The AI age and an era of regulation
The rise of artificial intelligence has already been an influential theme in the 2020s. And Bank of America’s strategists believe that AI will ultimately boost worker productivity and increase profits, but the timing of that outcome is still uncertain.
“Bears will point out that from steam power to the internet there has always been a lag between innovation and widespread social, corporate and economic adoption,” Hartnett and his team wrote.
AI may well usher in the “4th industrial revolution,” but it’s a “disruptive technology” that could also have negative impacts. After all, the fastest way for AI to increase productivity would be to put workers out of a job, BofA warned.
The risks brought about by AI, coupled with the dominance of big tech giants over the past decade, could lead to increasing regulation and antitrust scrutiny in the 2020s.

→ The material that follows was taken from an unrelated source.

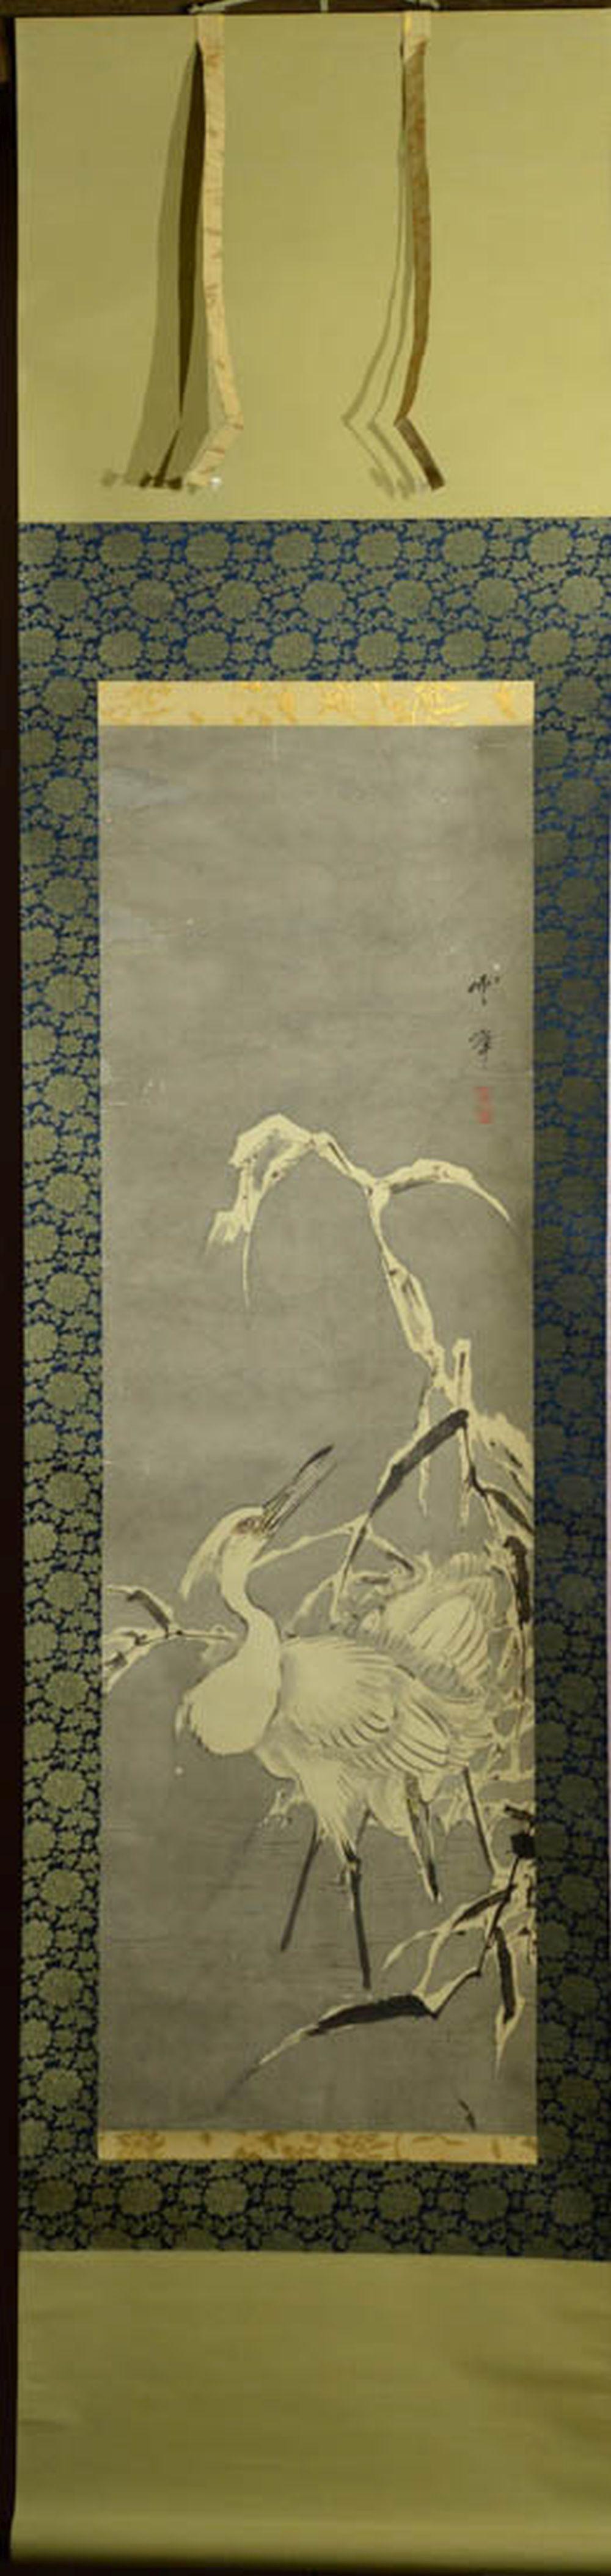 Japanese Water Color Scroll Painting - heron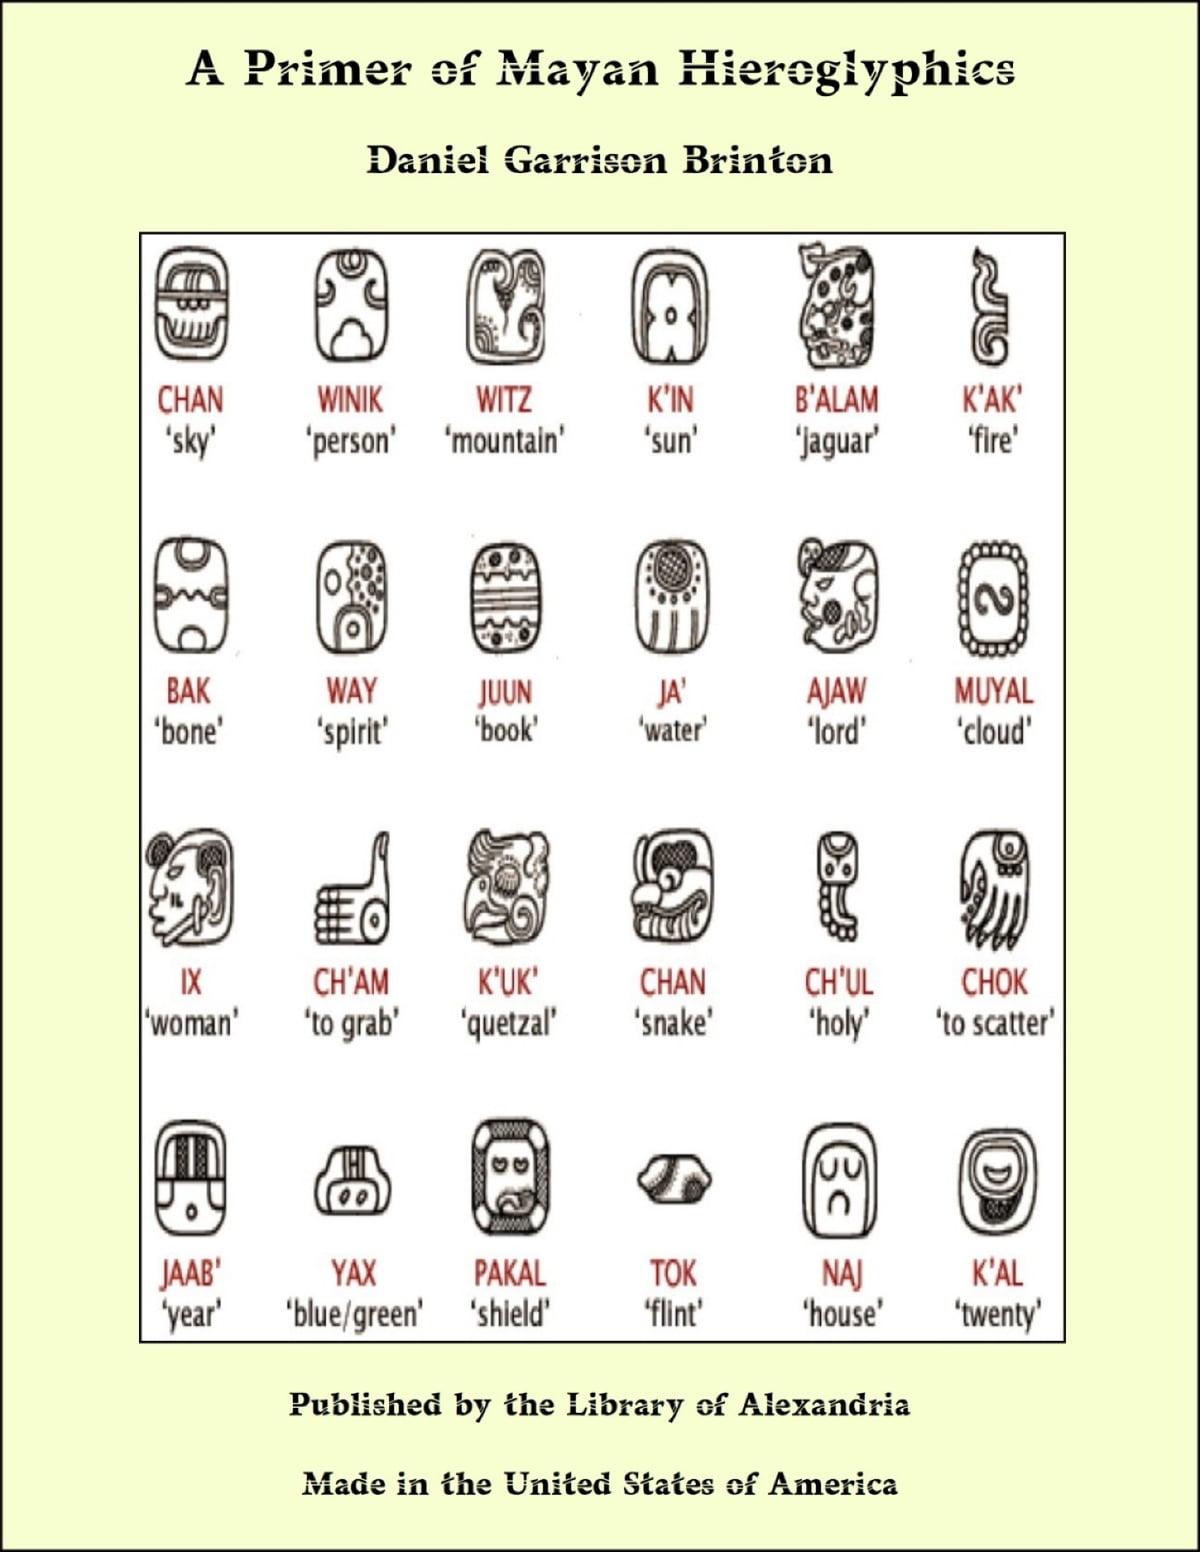 A Primer Of Mayan Hieroglyphics Ebook Di Daniel Garrison

“The social & wealth inequality that has resulted from tech disruption, the monopolistic power of Big Tech, plus unintended consequences of greater AI, clearly threaten the sector’s singular dominance via greater regulation & taxation,” Hartnett and his team wrote. “Hence the sectors increasing claims to be a sector of national security.”
Deflation to inflation
Finally, the 2010s were a decade of low, relatively stable inflation in the U.S., but Hartnett and his team believe that is now over. While the Federal Reserve has made some serious progress in taming inflation since they began raising interest rates in March of 2022, BofA’s experts said the central bank is likely to give up before the job is done.
“We believe the next recession prompts policy panic well before inflation is close to the Fed’s target of 2%,” they wrote.
For investors, that means that assets that typically perform during periods of low inflation and interest rates, like tech and growth stocks, could underperform assets that typically perform well when prices are rising, like cash, commodities, and value stocks.
“In 2023 deflationary US tech/growth stocks have rallied but we are sellers into a 2023 recession, and we would buy inflation assets such as commodities, real estate, value cyclicals as recession begins,” Hartnett and his team wrote.